Within the entries below, please retype exactly the lines starting with the line that has "Овощ (шапочка): морковь" and going on through the line that has "Survivor 06/05: Η", but not the pictures.

**Data shown**
━━━

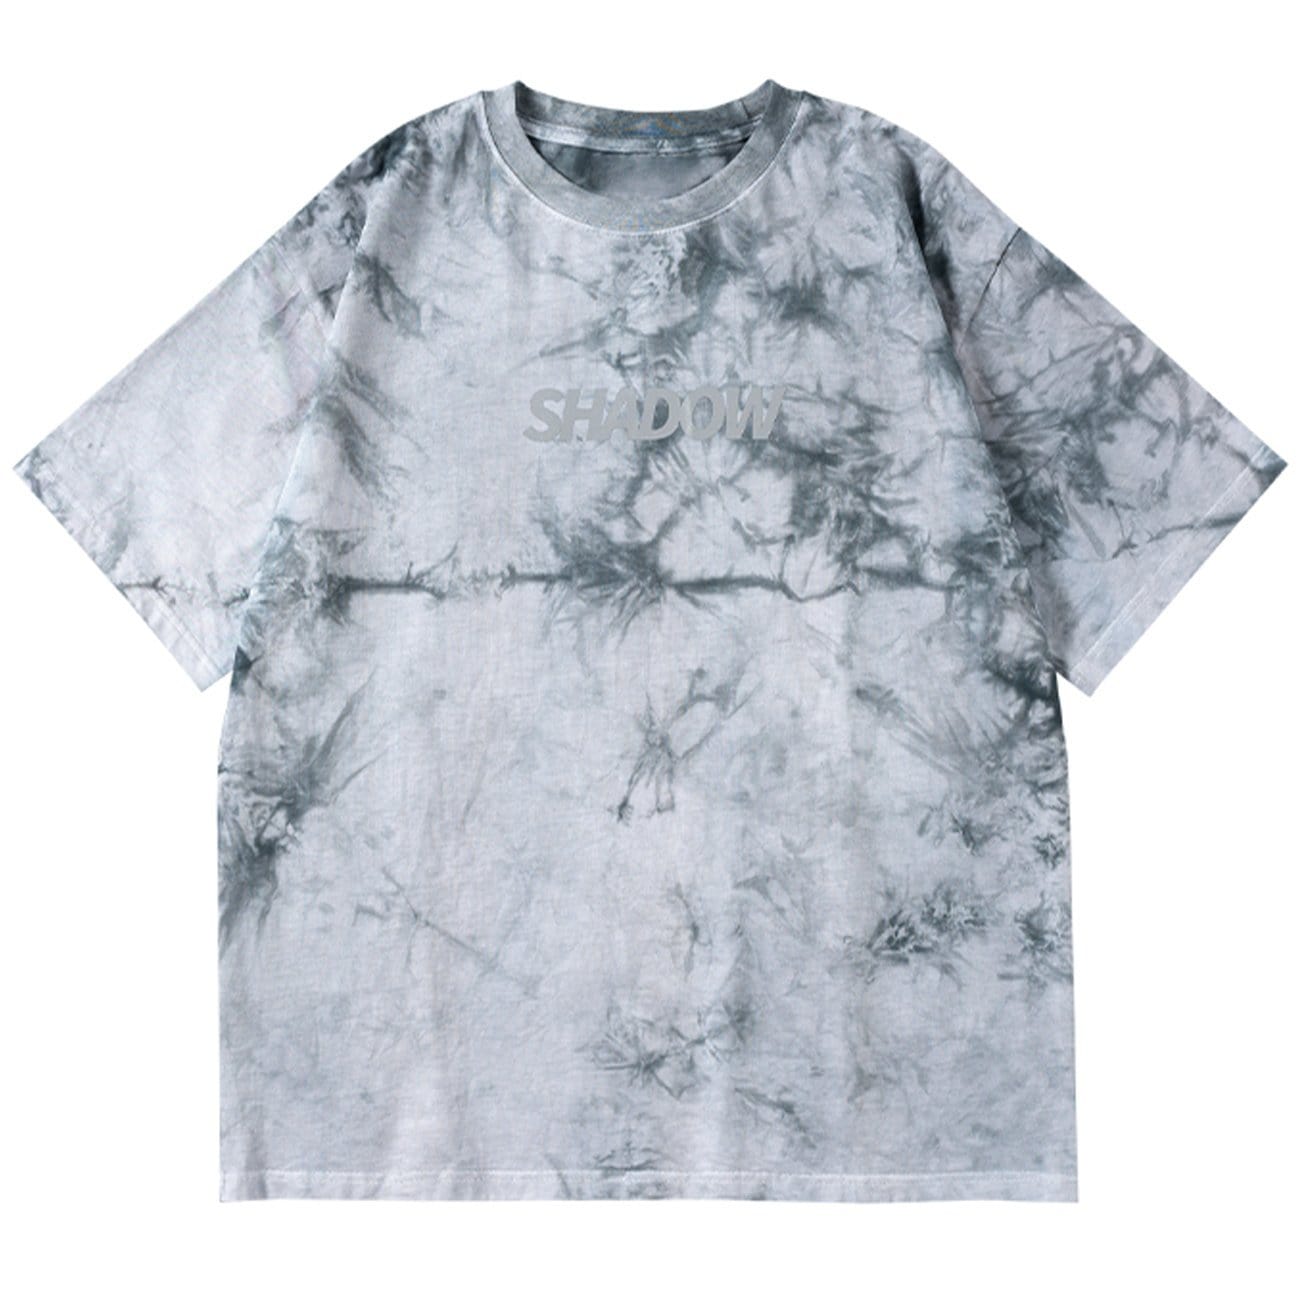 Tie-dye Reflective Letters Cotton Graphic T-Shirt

━━━

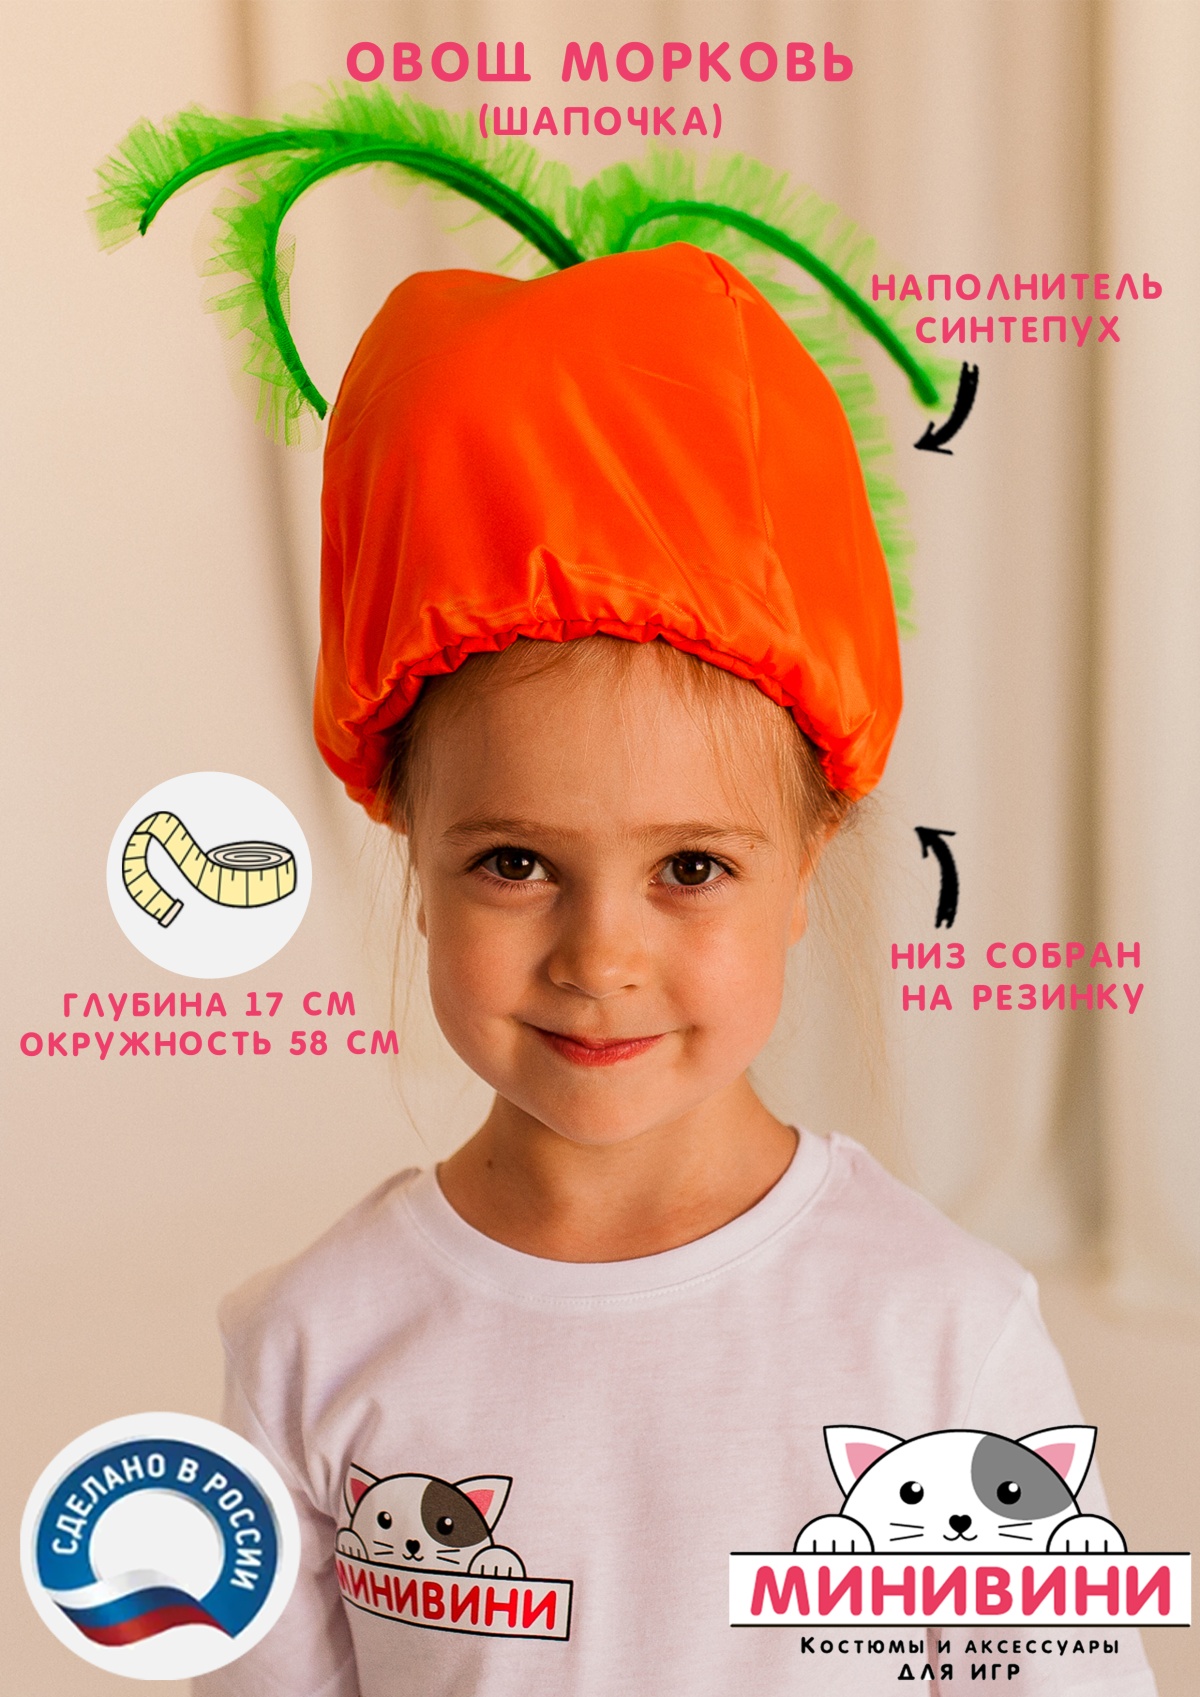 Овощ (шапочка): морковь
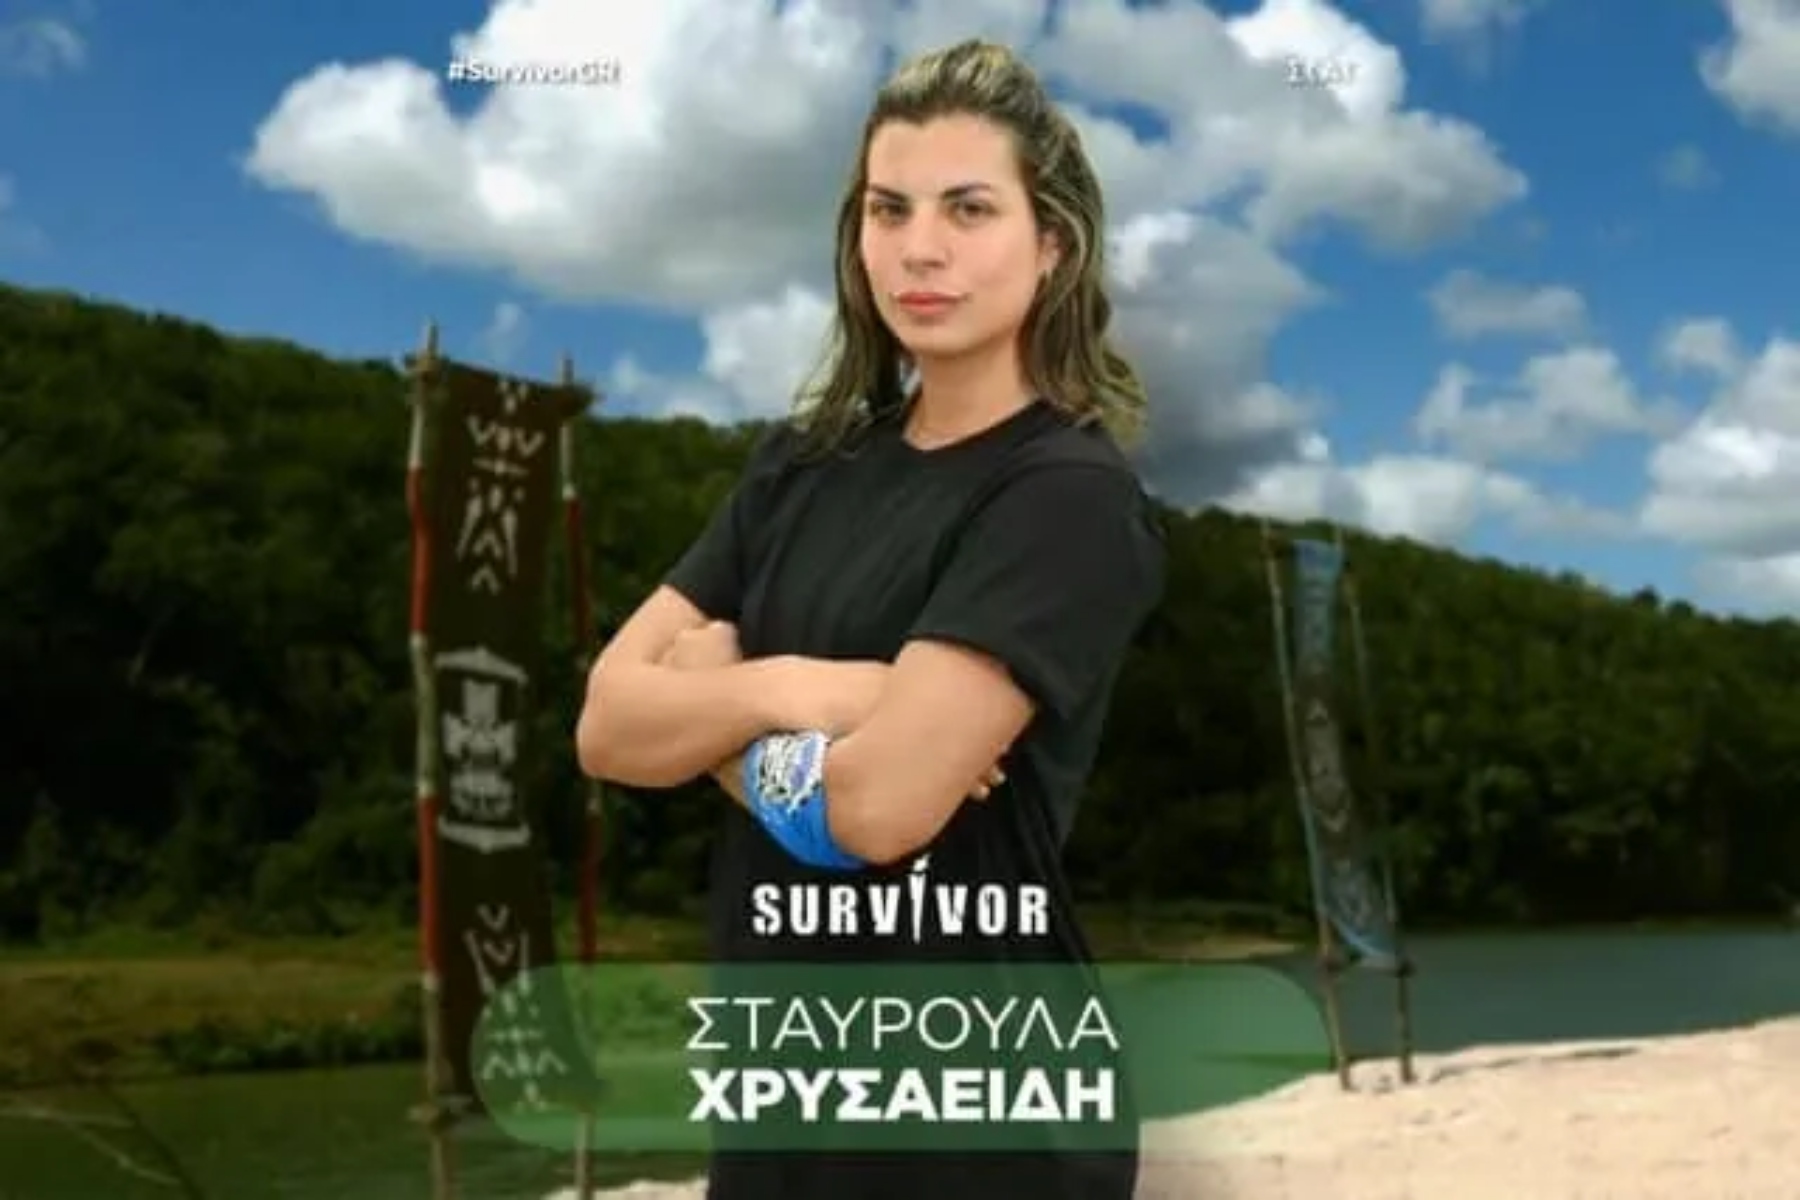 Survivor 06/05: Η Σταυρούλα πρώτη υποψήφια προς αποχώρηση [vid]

━━━

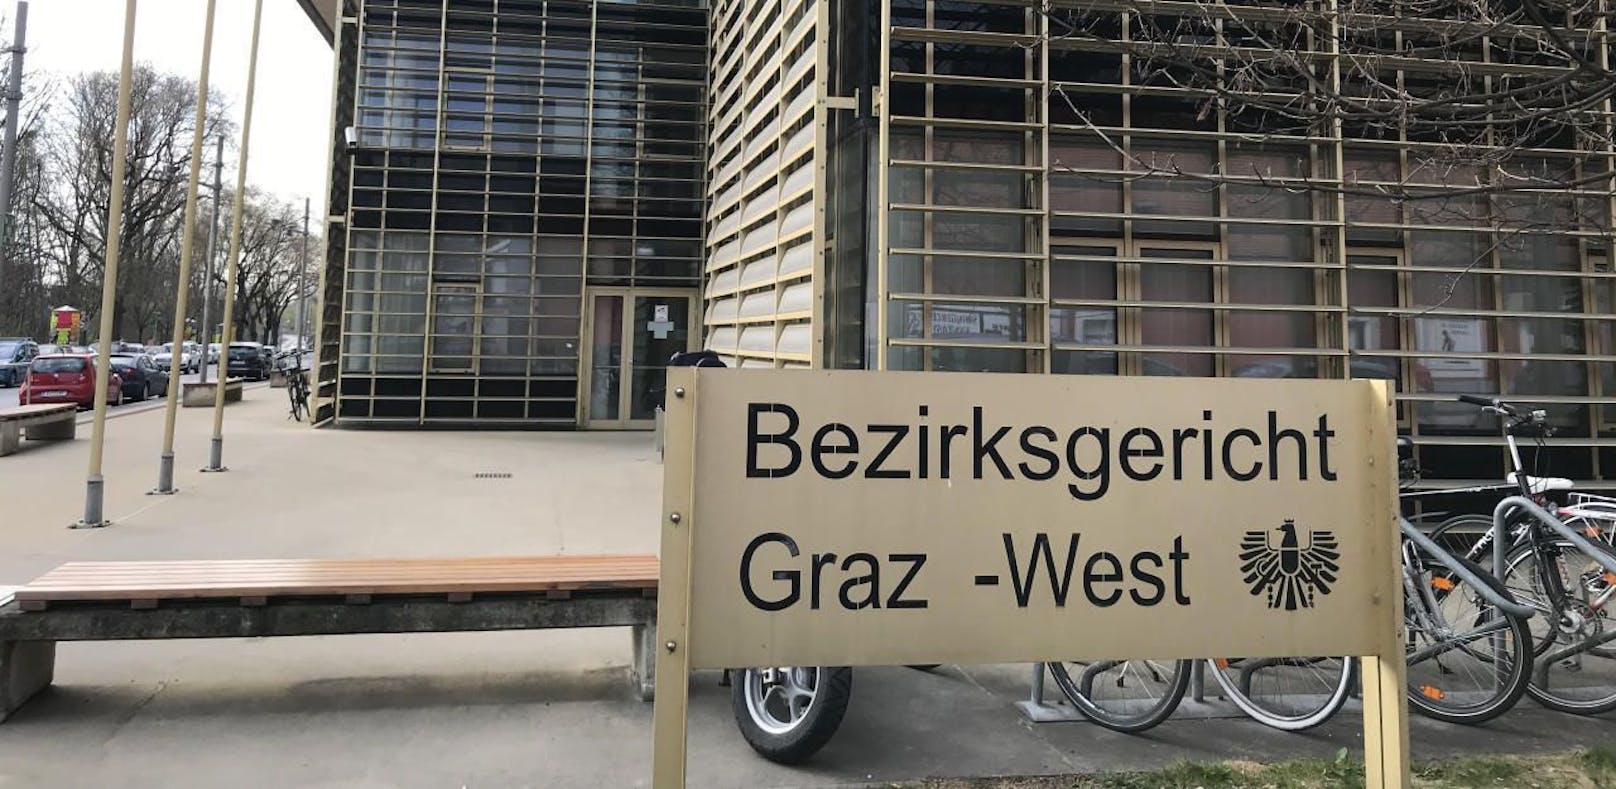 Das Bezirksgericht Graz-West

━━━

**Exercise response**
 Овощ (шапочка): морковь
 Survivor 06/05: Η Σταυρούλα πρώτη υποψήφια προς αποχώρηση [vid]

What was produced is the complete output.